But I’m getting ahead of myself. So, clothes collected I’m handed a modesty towel, about the size of a small hand towel, and rent another big one to dry myself with. I head into the women’s side, a long thin room, lockers over at one side and what my mother would call a vanity unit, next to the door, a row of sinks with accompanying hairdryers, brushes and basic skincare products. I strip, dump my clothes and take my smelly body into the bath room or wet room. I’m confronted with a circular bath in the middle or the room and about 5 or six wash stations on two walls. Climbing into the communal bath is simply not done, but my mischievous side wants to do it just to see what would happen! However not today, tired in a strange city. I wash and scrub and wash and scrub and collapse in the sauna where an inordinately skinny woman is performing a strange rubbing ritual, jumping out, dowsing herself with water and then doing it all over again at two minute intervals. At my gym onsen, the woman perform relay marathon stays of ten minutes interspersed with cold dowsings and ten more minutes, for perhaps whole afternoons. I think they believe it will help them lose weight, or maybe it’s a general circulation thing, but I’ve never seen anyone pummel themselves with a bobbly massage like tool with such fervour whilst in a sauna. I’ve never seen this particular bobbly like massage tool before either.
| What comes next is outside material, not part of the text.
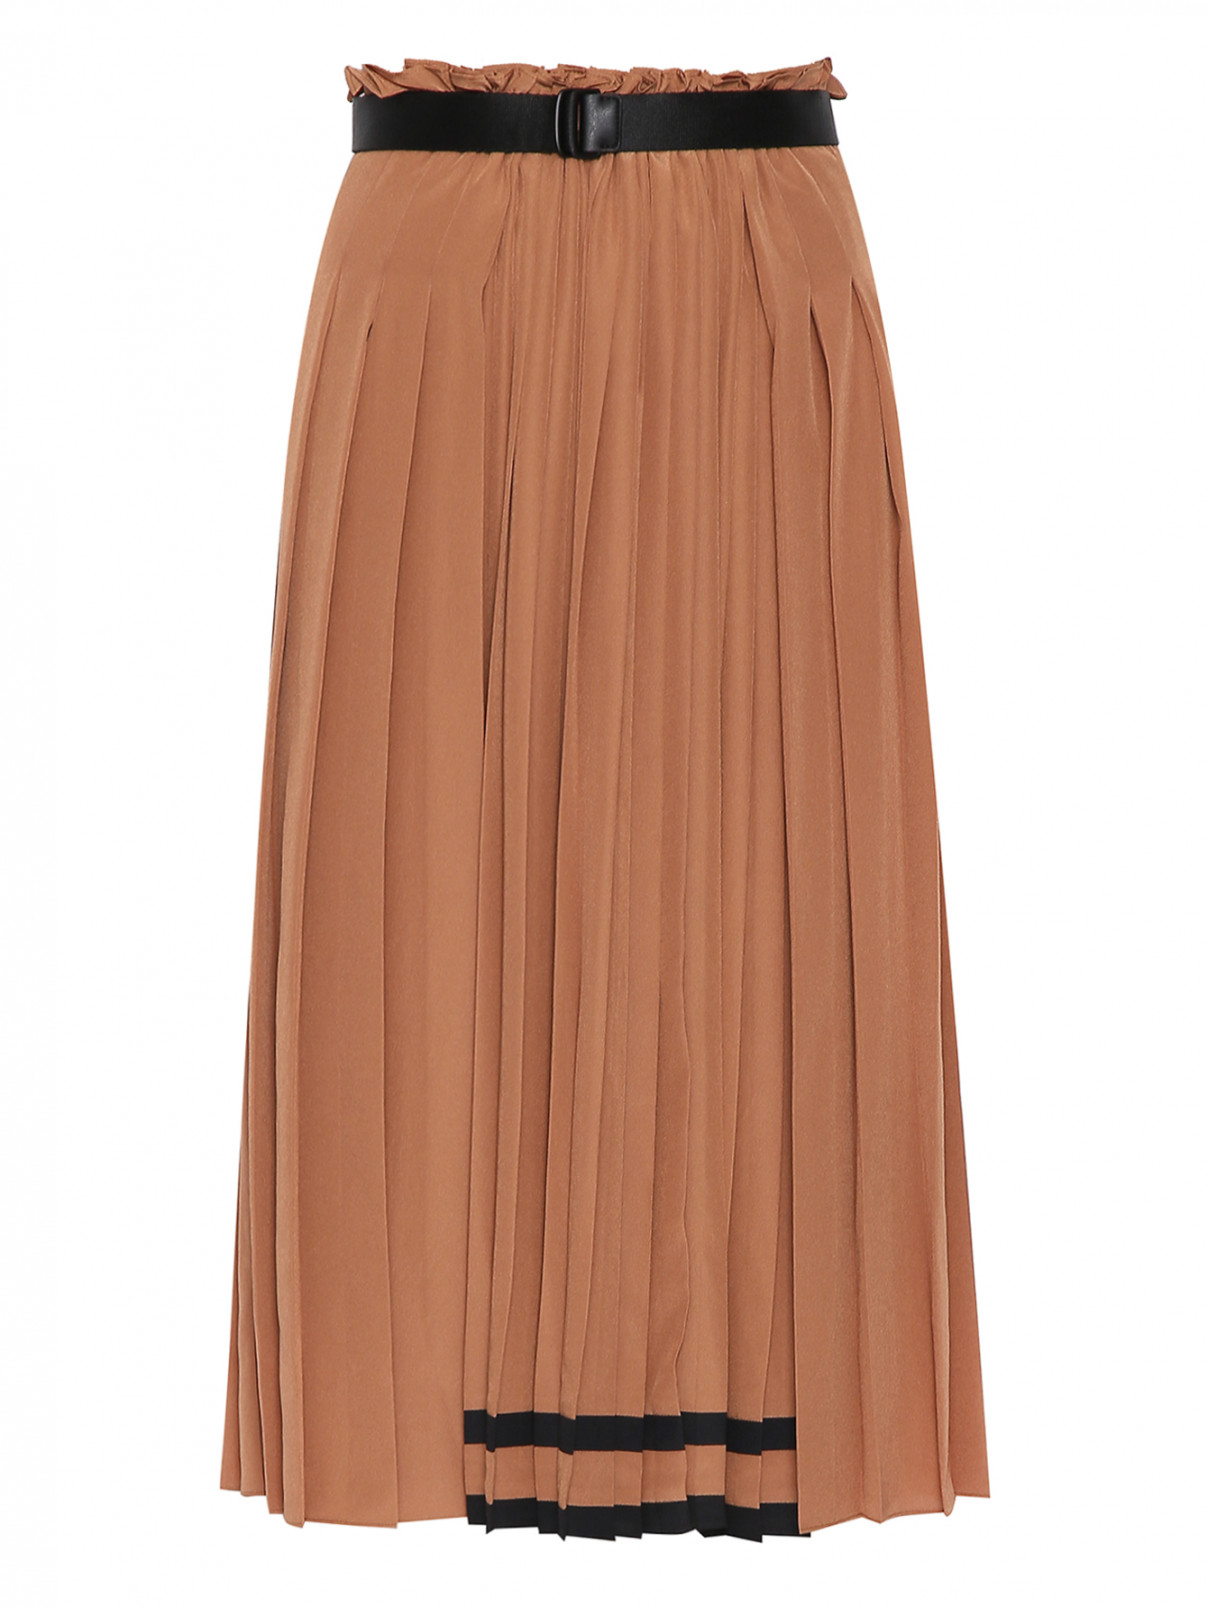 Плиссированная юбка-миди на резинке Max Mara  –  Общий вид  – Цвет:  Бежевый

After I’ve made myself vaguely presentable, dressed and run a hair dryer over my hair before it turns to icicles outside I spot the massage chair. Ahaa, the massage chair, the heaven sent gift for weary travellers. Sit down, lie back relax, drop a buck in the slot and have this strange monster grind rollers up and down your body from your head to your calves for ten minutes. There’s something bizarre about having a machine circularly massage your back, just miss a spot so you try to move into the right position, and then massage your head. But so good, I think, dropping another 100yen coin into its waiting mouth.